▶ [Your objective]:
Exactly reproduce the lines of the listing below from the one containing "The central section" through the one containing "Jermaine McDonald, who". Skip the images.

▶ [Data supplied]:
((

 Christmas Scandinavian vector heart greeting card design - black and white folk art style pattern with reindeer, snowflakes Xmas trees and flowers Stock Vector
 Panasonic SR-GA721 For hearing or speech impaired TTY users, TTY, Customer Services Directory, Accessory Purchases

))
((

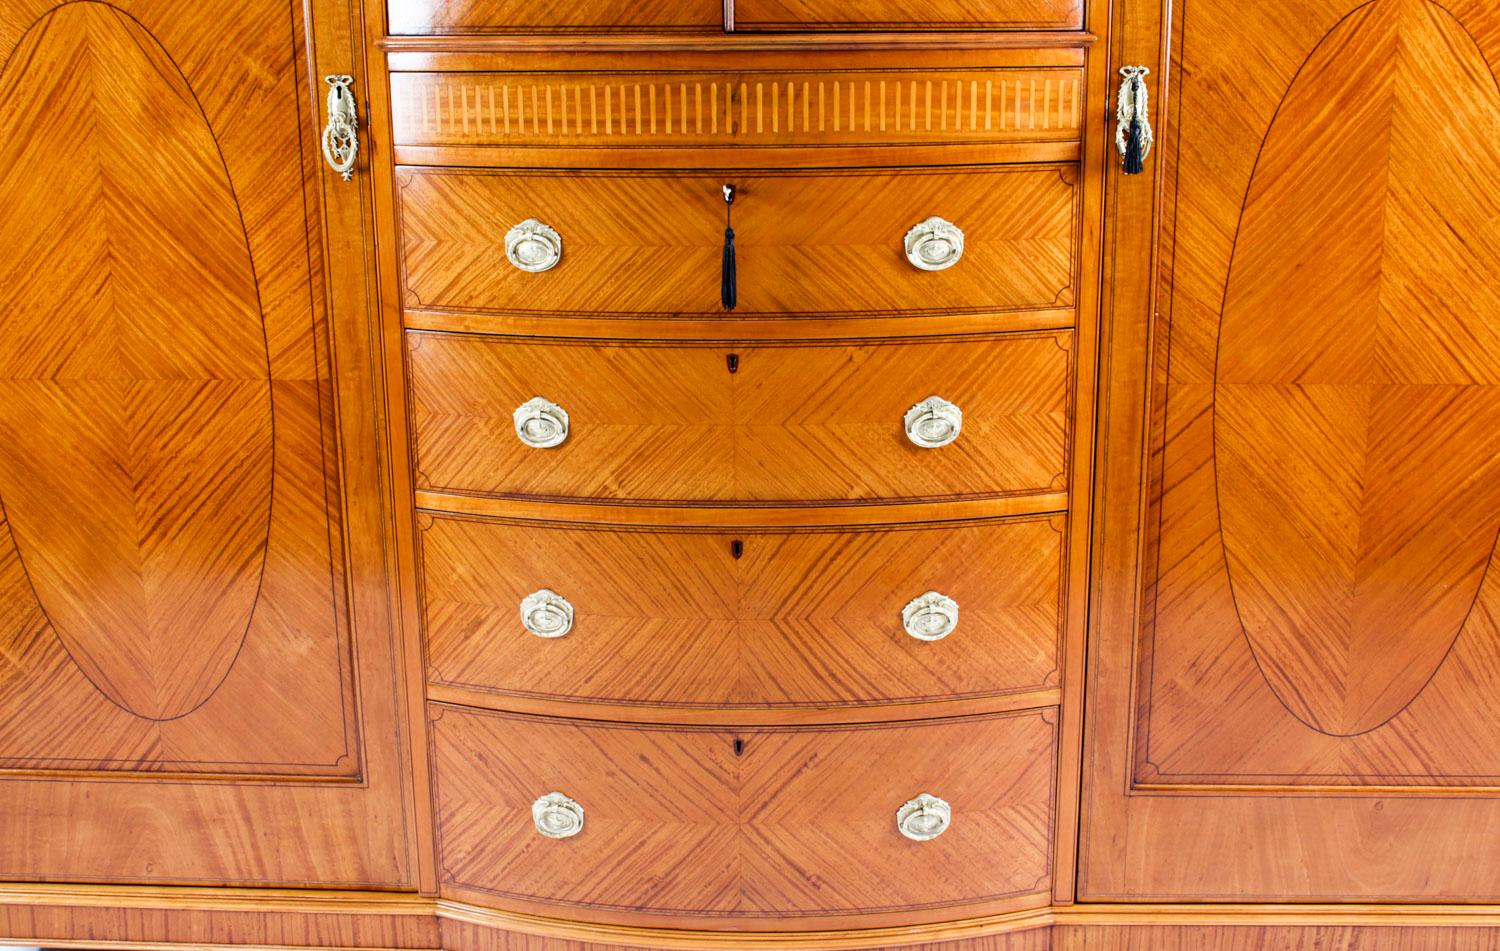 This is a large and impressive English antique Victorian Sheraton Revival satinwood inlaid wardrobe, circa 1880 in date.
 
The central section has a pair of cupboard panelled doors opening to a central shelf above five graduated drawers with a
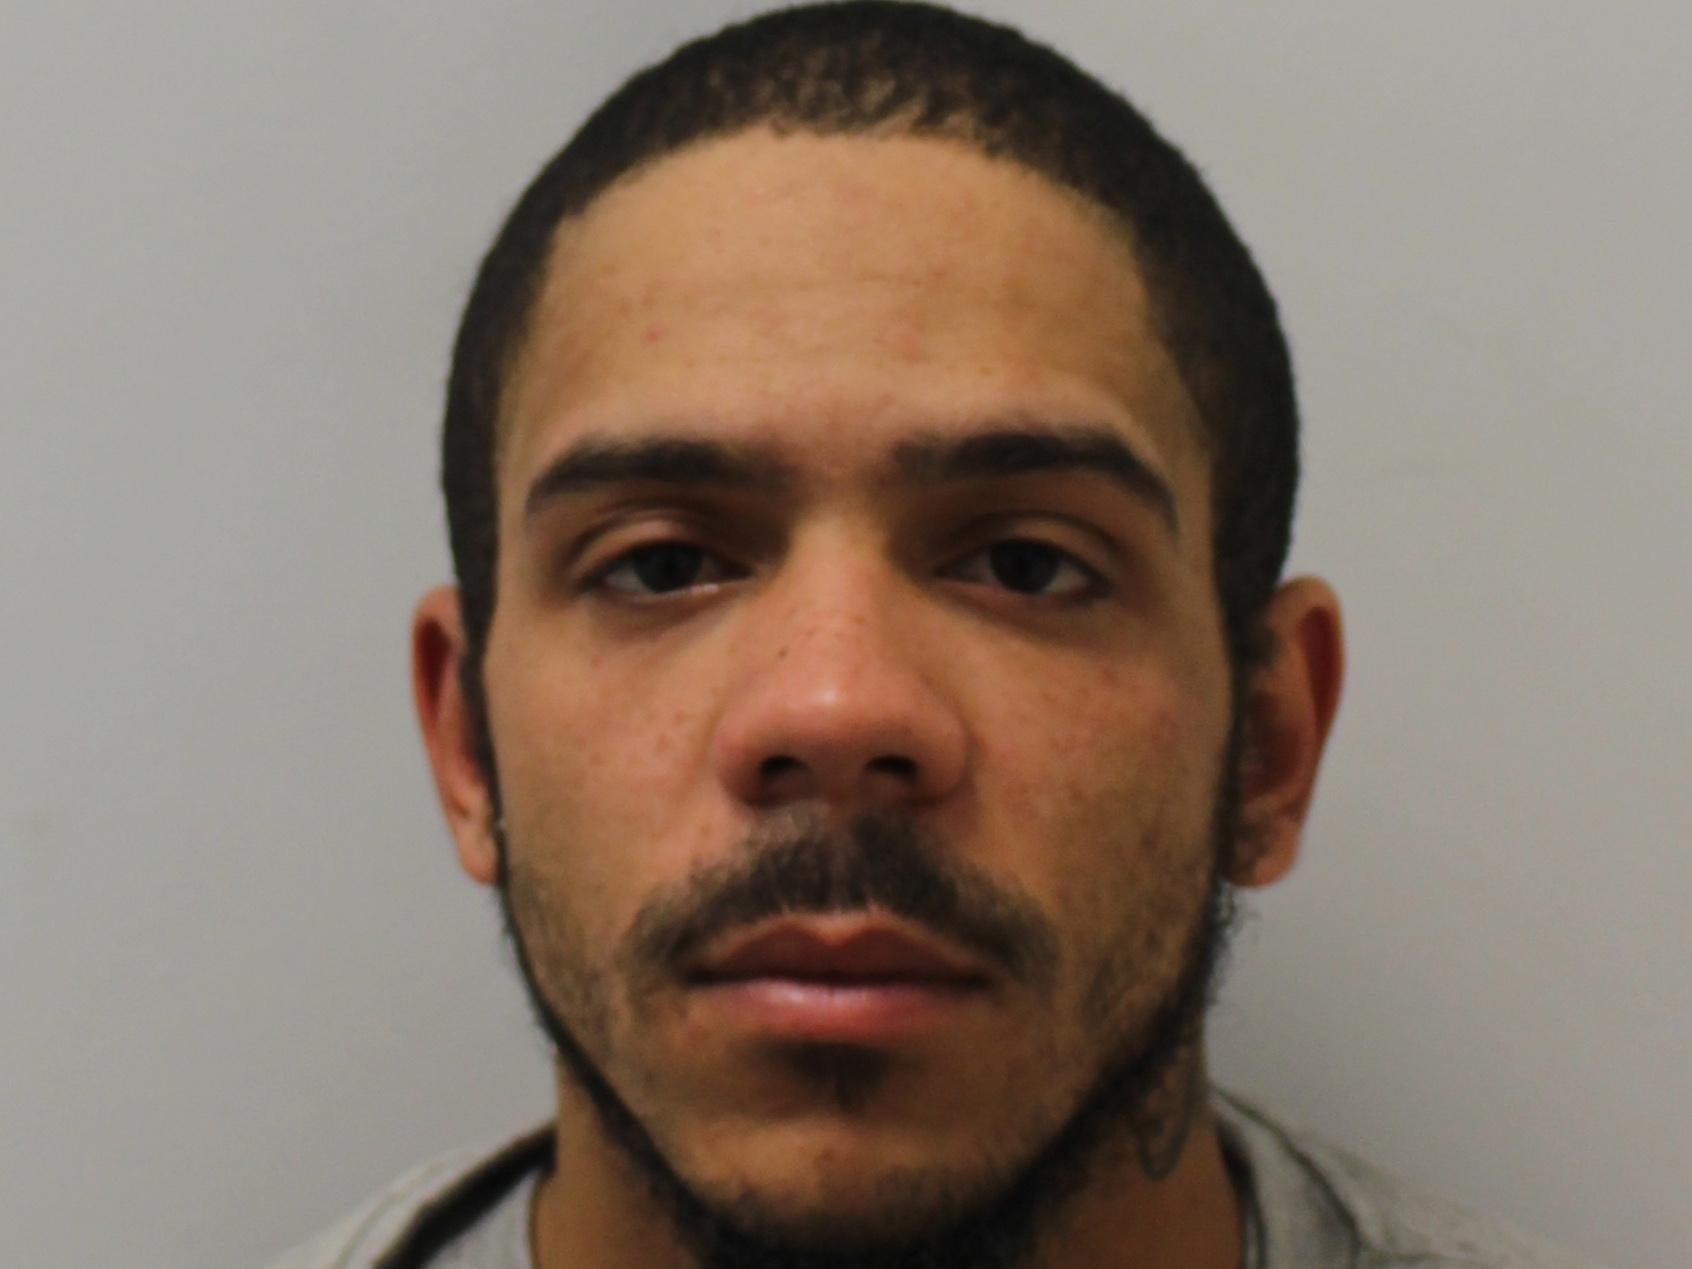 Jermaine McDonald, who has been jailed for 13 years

))

▶ [Result of this exercise]:
The central section has a pair of cupboard panelled doors opening to a central shelf above five graduated drawers with a
 Jermaine McDonald, who has been jailed for 13 years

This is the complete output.